Blaž Mesiček

LTH Castings
- Position: Shooting guard
- League: 1. SKL

Personal information
- Born: June 12, 1997 (age 29) Ljubljana, Slovenia
- Listed height: 1.98 m (6 ft 6 in)
- Listed weight: 92 kg (203 lb)

Career information
- NBA draft: 2019: undrafted
- Playing career: 2014–present

Career history
- 2013–2016: Union Olimpija
- 2014–2015: → Škofja Loka
- 2016–2018: Enel Basket Brindisi
- 2018: Petrol Olimpija
- 2019: Pistoia Basket 2000
- 2019–2020: Mega Bemax
- 2020–2021: Split
- 2021: Kolossos Rodou
- 2022: OSE Lions
- 2022-2023: Cibona
- 2023: Zob Ahan Isfahan BC
- 2023: Fuenlabrada
- 2024-present: LTH Castings

Career highlights
- Croatian Cup winner (2023);

= Blaž Mesiček =

Slovenian basketball player (born 1997)

Blaž Mesiček (born June 12, 1997) is a Slovenian professional basketball player. Born in Ljubljana, Slovenia, he is a 1.98 m tall shooting guard.

== Playing career ==
He played for his hometown team LOGO Grosuplje and in the summer of 2013 moved to Slovenian powerhouse Union Olimpija where he played for the U-17 and U-19 teams. For the 2014–15 season, he was on loan with Slovenian second-tier club Škofja Loka. He was the best player on the team and one of the best scorer of the league, tallying 21.1 points per contest.

In the summer of 2015, he signed a pro contract with Union Olimpija and received quality minutes in the Adriatic League and the FIBA Eurocup. He was recognized by FIBA and attended the FIBA European U18 All-Star Game during the European Championship 2015 in Lille, France as one of the best 24 young players.

In December 2016, Mesiček signed with Enel Basket Brindisi of the Italian top tier Lega Basket Serie A (LBA).

On August 9, 2018, He signed a two-year contract with Petrol Olimpija. In December 2018, he parted ways with Petrol Olimpija

On January 30, 2019, Mesiček signed a 30-days contract with Pistoia Basket 2000. After his short stint in Italy, he signed for the Serbian team Mega Bemax for the 2019–20 season in October 2019. Mesicek averaged 8.1 points, 2.2 rebounds and 1.5 assists per game.

On October 3, 2020, he signed with Split of the ABA League and the Croatian League.

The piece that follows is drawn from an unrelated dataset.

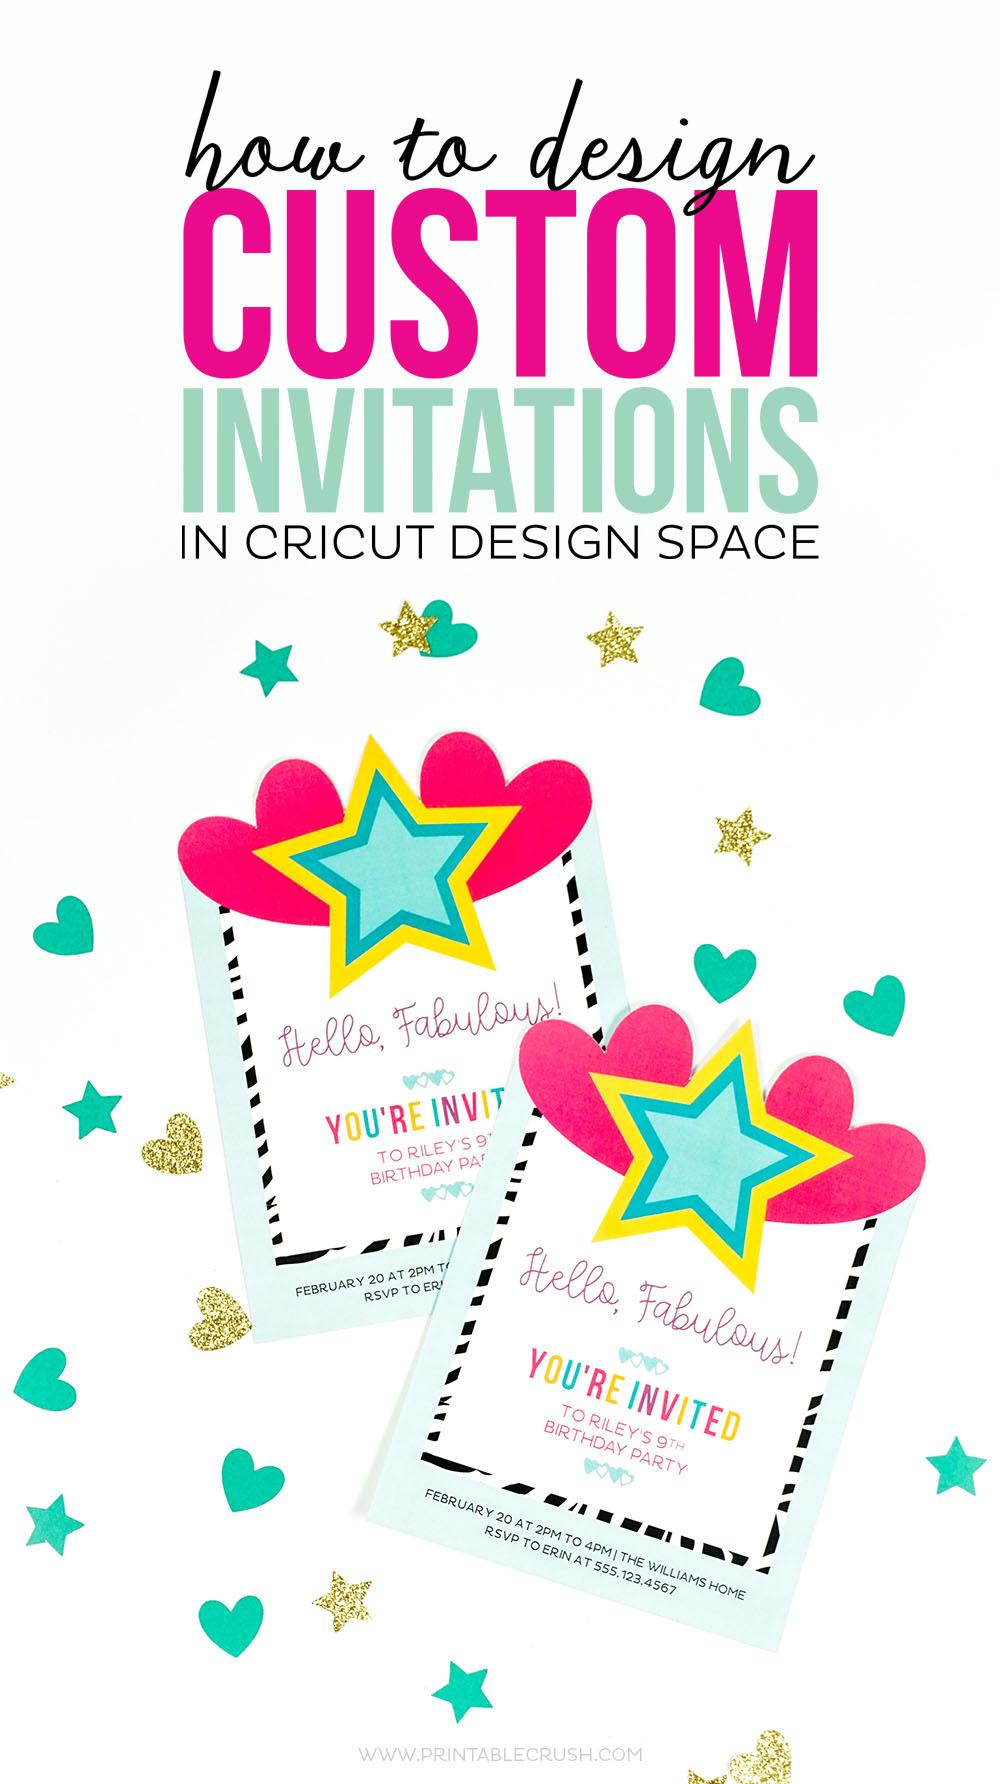 Invitation Design - Design Beautiful Custom Invitations

He averaged 10.8 points, 2.6 rebounds and 3,1 assists in the Croatian league, as well as 11.1 points, 2.6 rebounds and 2.8 assists in the Adriatic League.

On July 8, 2021, Mesiček officially signed with Kolossos Rodou of the Greek Basket League. On October 23, he parted ways with the Greek club. In 3 games, he averaged 8.3 points and 2 rebounds per contest.